It wasn't always the case that these were taken for granted. AMD got nailed for lying by omission about R600's lack of a UVD block, so today's settled question had a period of pathfinding work and initial efforts.
It wasn't settled whether there would be T&L hardware on the graphics chip, texture compression, AA, or AF until someone put in the hardware to do it--and there were any number of now-gone implementations before a rough consensus was reached.
If Nvidia's specific version of RT hardware doesn't catch on, it's no different than other items didn't pan out in the long run (Truform, Trueaudio, quadric surfaces,.etc), or from many of the features we have now where someone had to commit hardware before there would be adoption.


My personal opinion about mobile RT is the exact opposite: Compute is no alternative and only FF can do it at all, and second: I do not understand the need for RT on mobile, while on PC / console i do.
I think there's a desire to have the same games or similar games with similar features on mobile platforms as there are in the PC and console. Among other things, it helps mobile devices steal more time from the other platforms, and can help the same product expand to multiple markets more readily.

Btw, most doubts efficient RT in compute can be done at all likely come from two arguments: Building acceleration structure takes too much time (solution: refit instead full rebuild),
Depending on the level of change in a scene, a refit can take significant fractions of the cost of a rebuild. There's no theoretical ceiling to this, and if the cost of a rebuild is no longer the dominant one, scene's complexity can raise until the refit becomes a similar limit.

and traversal per thread is too slow (solution: don't do it this way). Both of those arguments are outdated.
Traversal of some structure to find arbitrarily related geometry in an unknown place in DRAM or cache is a fundamental challenge. "Don't do that" is both true and unhelpful.

Mobile hardware often favors fixed-function more because it is cost and power constrained to a degree PCs and consoles are not.

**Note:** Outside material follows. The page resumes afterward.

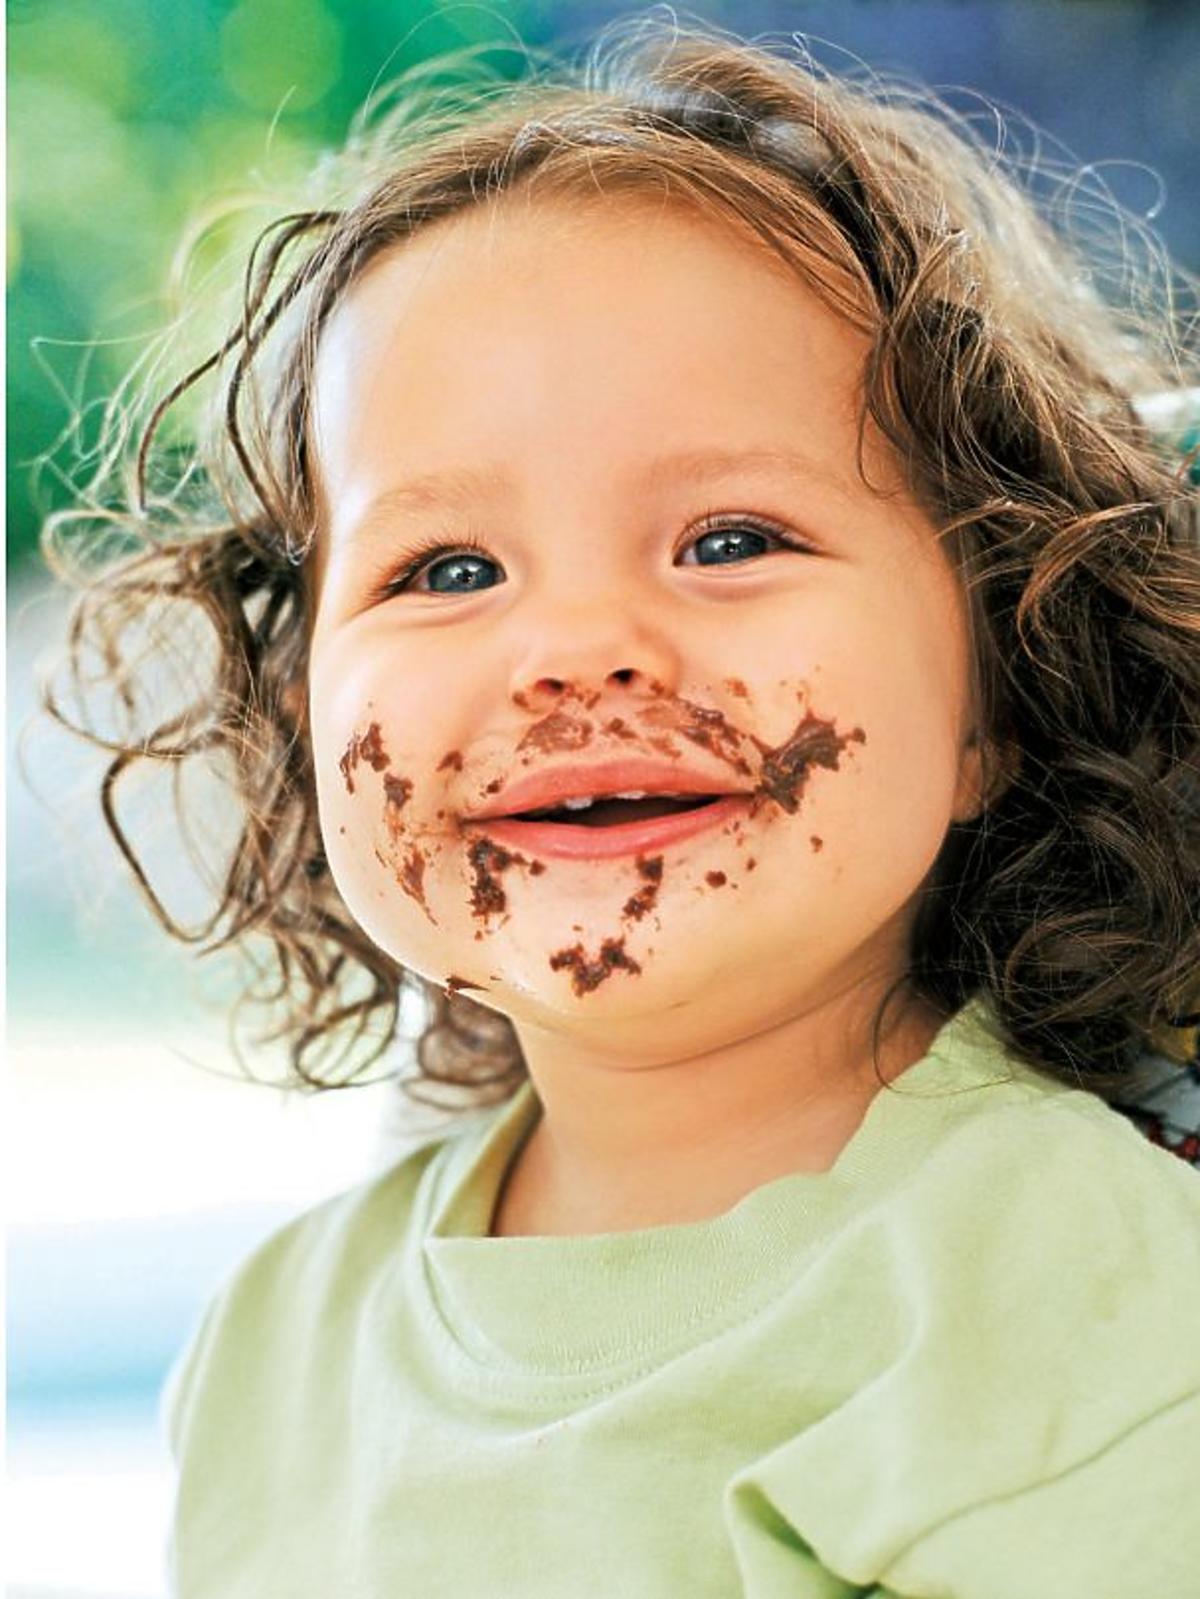 dziecko, dziewczynka, czekolada, uśmiech, słodycze

General compute resources have a higher baseline of area and power consumption, and the mm2 and milliwatts it takes are more costly.

Recently i have read a blog from a developer, and he made this interesting speculation: NV simply can not talk about how their RT works - they would have to expect legal issues from ImgTec patents.

This tends to be true in a wide range of cases, and if IMG really wanted to poke that hornet's nest it would likely have the resources to figure out if Nvidia was using patented tech.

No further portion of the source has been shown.